A 09h50, la nouvelle parvient à Vian. A ce moment, l’Escadre de Mer Egée se compose des vétérans Dido et Gurkha et des quatre destroyers de classe Tribal qui viennent de les rejoindre. Après avoir stationné devant la côte nord toute la nuit, elle croise au sud-ouest de Limnos, car Vian souhaite placer son Dido en bonne position pour servir de piquet radar pour l’île, tout en étant protégé par les chasseurs de Mytilène. Cependant, le message radio du Hudson, relayé par Chios, ne lui laisse aucun doute sur les intentions ennemies. A 09h56, après une brève discussion avec son état-major, il ordonne à ses navires de retourner vers le nord et de contourner la pointe ouest de Limnos aussi vite que possible. Hommes et officiers guettent anxieusement les avions allemands. Et en effet, le radar du Dido ne tarde pas à détecter un très grand nombre d’avions : la Luftwaffe se montre en force – mais elle n’en a pas après la flotte britannique.

Limnos (matinée)
De fait, la Luftwaffe n’a plus les moyens de courir deux lièvres à la fois.

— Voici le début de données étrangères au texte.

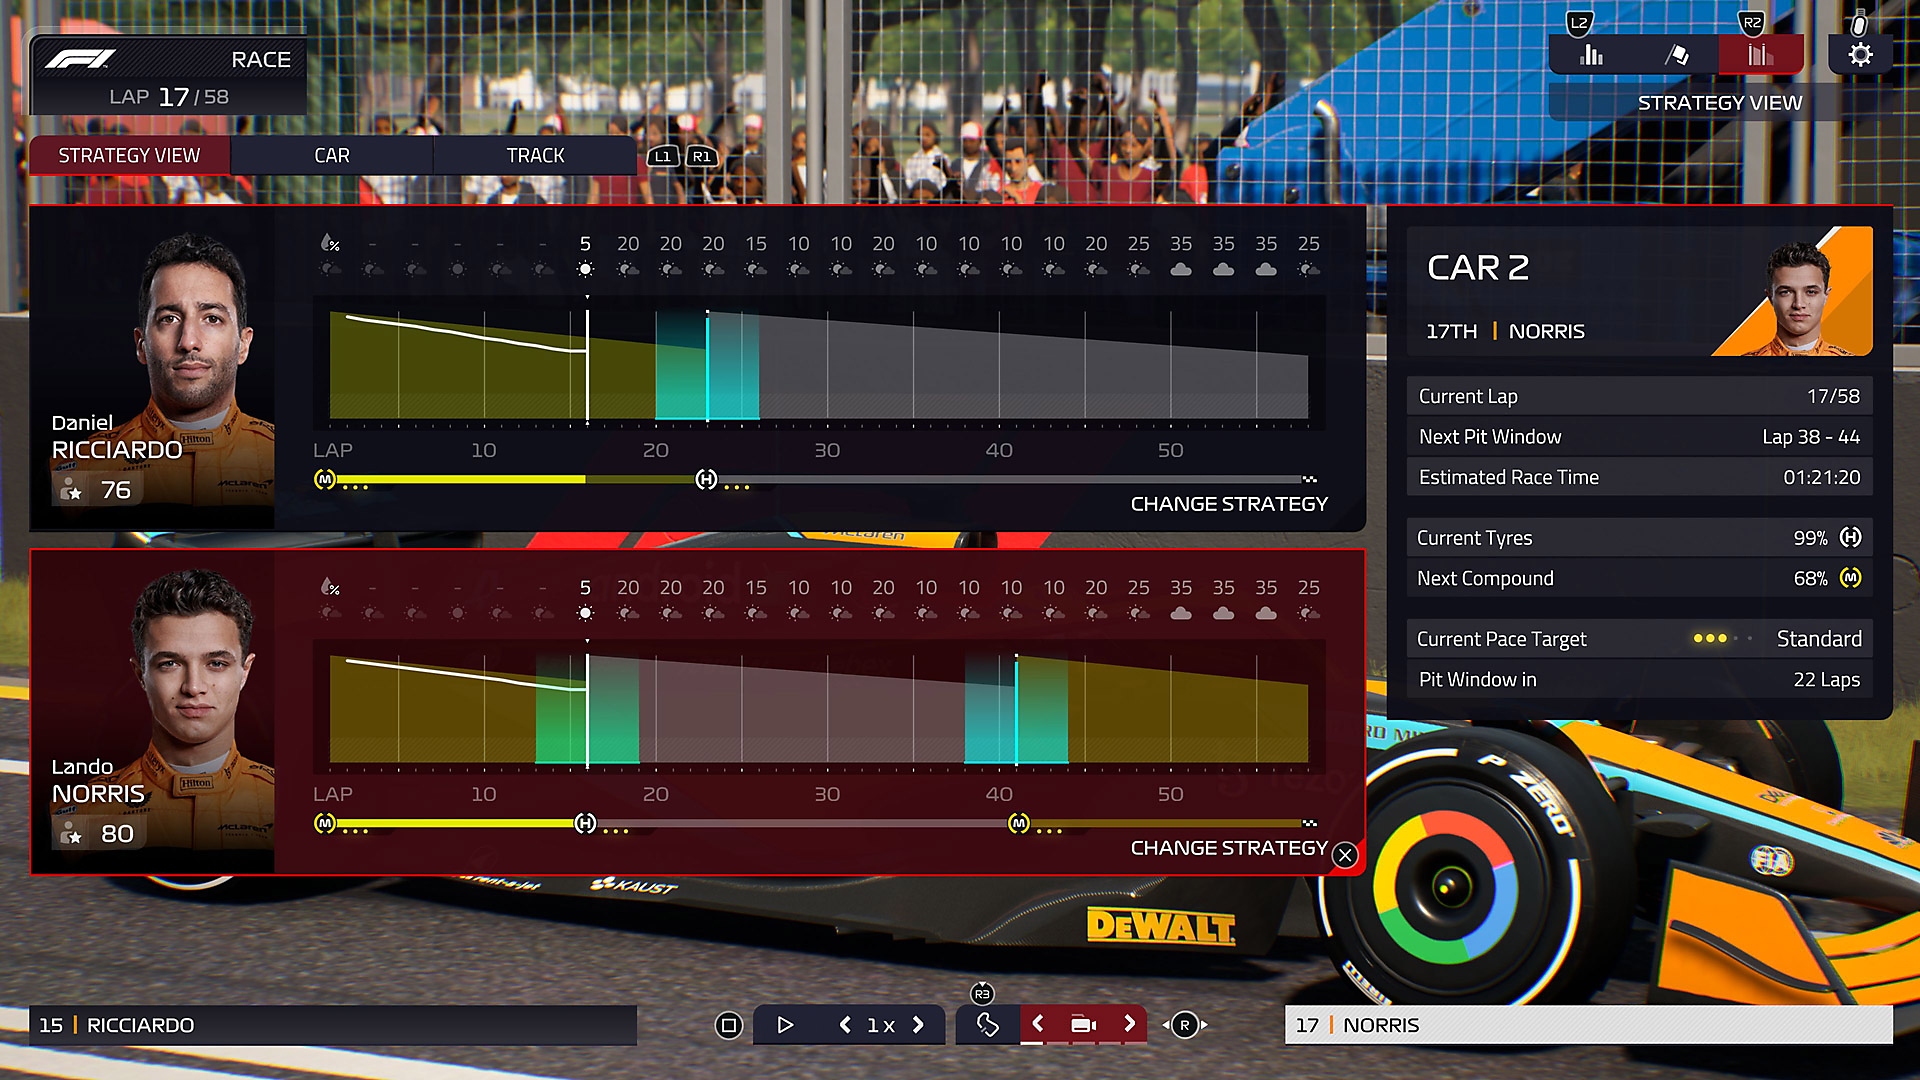 F1 Manager 2022 – zrzut ekranu interfejsu gry porównujący dwóch kierowców

Kesselring, exécutant la volonté de Hitler, a ordonné une opération de ravitaillement aérien majeure, et il faut bien la protéger. Ce qu’a détecté le Dido est le blip monstrueux généré par 145 Ju-52 (dont 14 remorquent un planeur DFS-230), 28 He-111P et 8 Me-321 (cinq remorqués par des He-111Z et trois par des troïkas de Me-110). Cette formation massive est escortée par 42 Bf-109 et 24 Bf-110. Elle s’étend sur plus de 60 nautiques, en raison de l’encombrement des terrains et des différentes performances des avions. La longueur même de ce véritable fleuve de transports rend le travail de l’escorte très difficile, car il y a près de 30 minutes entre le passage du premier et du dernier des transports. Mais il y aura pire pour l’escorte, et plus surprenant.
En effet, l’avertissement du Dido et la lenteur des transports allemands donnent le temps à Mytilène de lancer douze P-38 qui vont rejoindre les huit déjà en patrouille, et quarante NA-73. Comme l’objectif de la formation allemande devient vite évident, l’officier du contrôle de la chasse décide de faire décoller vingt Hurricane II des Sqn 1 (SAAF) et 605 (RAF), chargés de défendre Lesbos. Cette défense est laissée à 26 chasseurs opérationnels (5 Hurricane, 4 P-38, 15 NA-73 et 2 F4F-3). Mais avec cet appoint, pour la première fois sans doute depuis le début de la bataille, les intercepteurs alliés sont plus nombreux que les chasseurs allemands (80 contre 66).
Le combat commence à 10h44 avec l’intervention des P-38, et se prolonge jusqu’à 11h32. La puissance de la réaction alliée est un choc pour les pilotes de la Luftwaffe, qui commençaient à croire que les unités basées à Mytilène étaient à bout de forces. Au lieu de cela, ils ont affaire à des hommes frais, et en nombre. Un véritable massacre se déroule alors en plein ciel. En 48 minutes (qui font de ce combat l’un des plus longs jamais enregistrés, en dehors des batailles de nuit au-dessus de la Ruhr), la Luftwaffe perd 37 Ju-52, onze He-111P, deux He-111Z et quatre Bf-110 remorqueurs, plus quatre Me-321 (trois détruits en vol, le quatrième s’écrasant à l’atterrissage). Il faut y ajouter quatorze Bf-109 et onze Bf-110 de l’escorte. Les Alliés perdent eux aussi un bon nombre d’avions : onze P-38, quatorze NA-73 et neuf Hurricane.

Alors que les avions allemands survivants font demi-tour vers Salonique, les parachutages effectués, la 6ème EC lance douze de ses quinze derniers NA-73 en état de vol. Volant au ras des vagues, les chasseurs surprennent les avions allemands dans le circuit d’atterrissage. La surprise est totale, car personne dans le camp allemand ne peut imaginer qu’après l’affrontement qui vient d’avoir lieu, les Alliés aient encore assez d’avions pour un tel raid. Onze Ju-52 de plus, trois He-111P, cinq Bf-110 et quatre Bf-109 tombent sous les mitrailleuses des NA-73, qui ne perdent que cinq avions (dont un abattu par la flak), plus deux qui s’écrasent en se posant à leur retour à Mytilène. De plus, une trentaine de Ju-52 sont plus ou moins gravement endommagés en essayant de se poser à tout prix pendant les combats.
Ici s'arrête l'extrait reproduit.